Brief:
Write out an exact copy of the line with "Weight: 1.80 kg / 4 lb" and of each line after it, through the end of the records below.

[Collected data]

------------------------

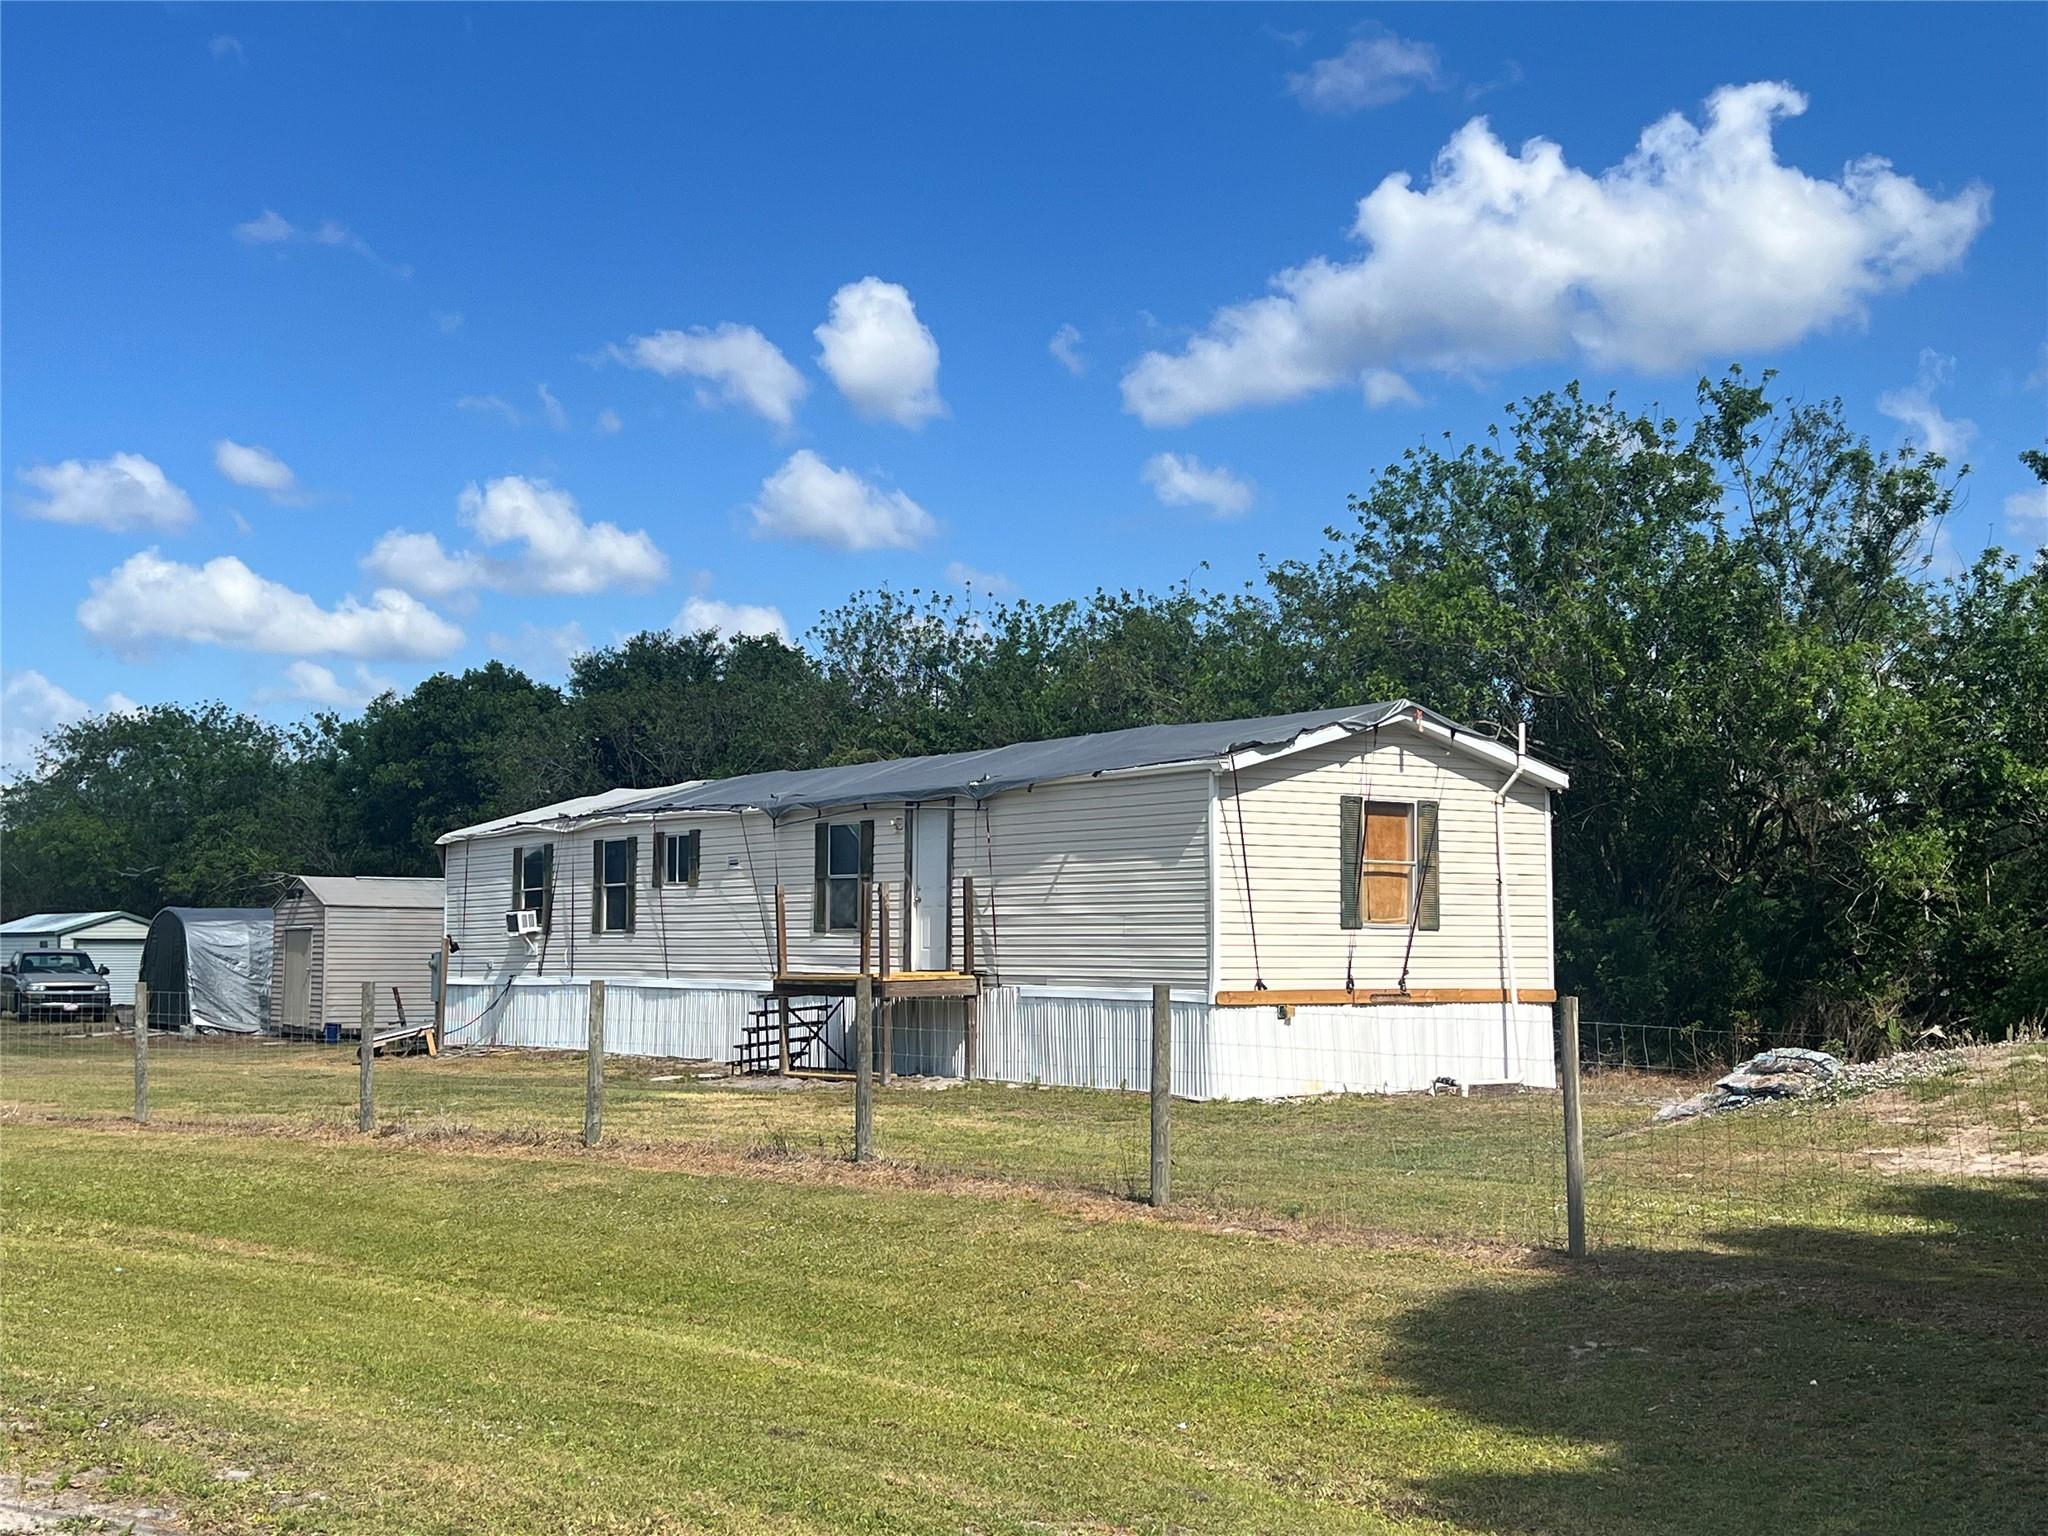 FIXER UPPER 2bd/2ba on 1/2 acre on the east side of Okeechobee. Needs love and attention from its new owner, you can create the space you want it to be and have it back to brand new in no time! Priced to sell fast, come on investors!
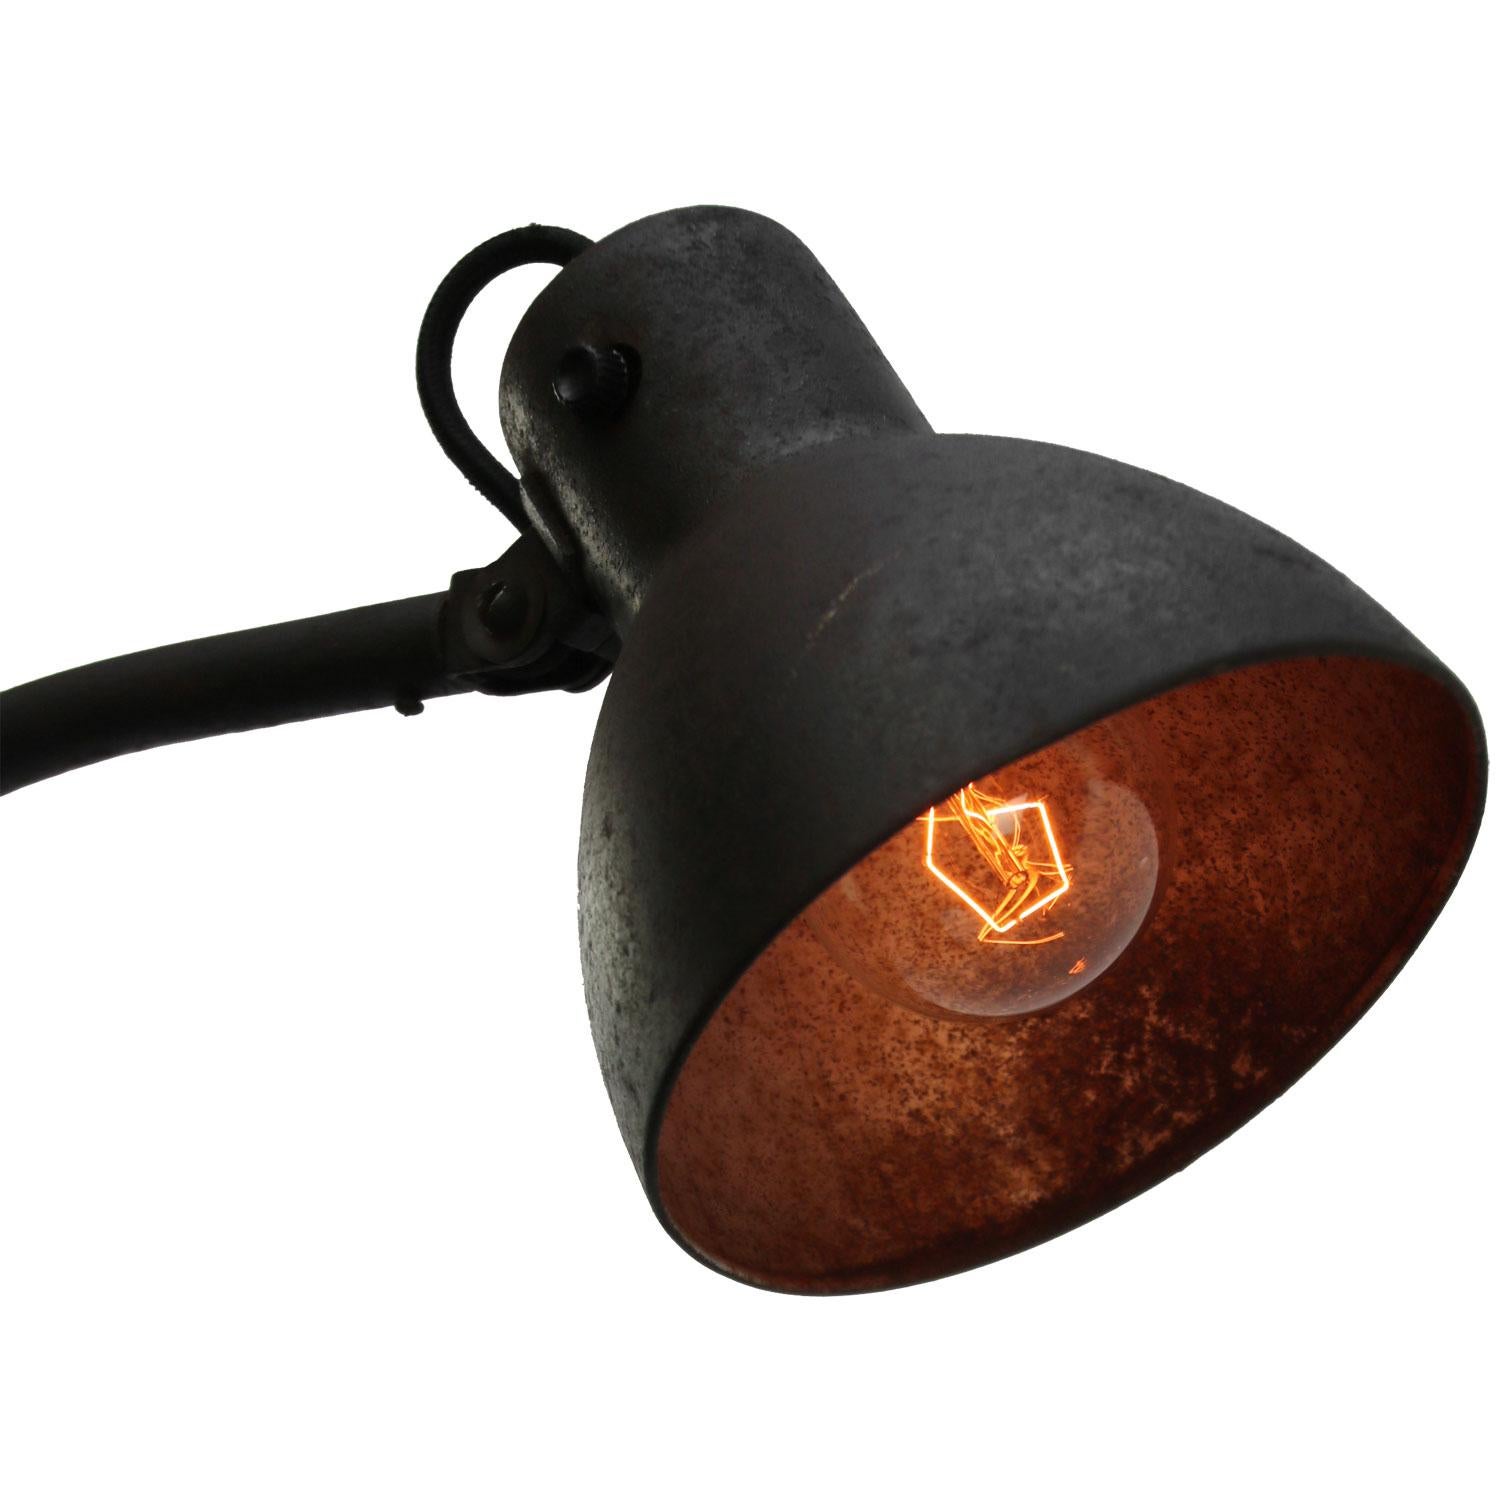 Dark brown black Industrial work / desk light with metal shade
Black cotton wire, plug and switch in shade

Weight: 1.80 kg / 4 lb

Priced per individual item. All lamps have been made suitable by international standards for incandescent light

------------------------

Written response:
Weight: 1.80 kg / 4 lb

Priced per individual item. All lamps have been made suitable by international standards for incandescent light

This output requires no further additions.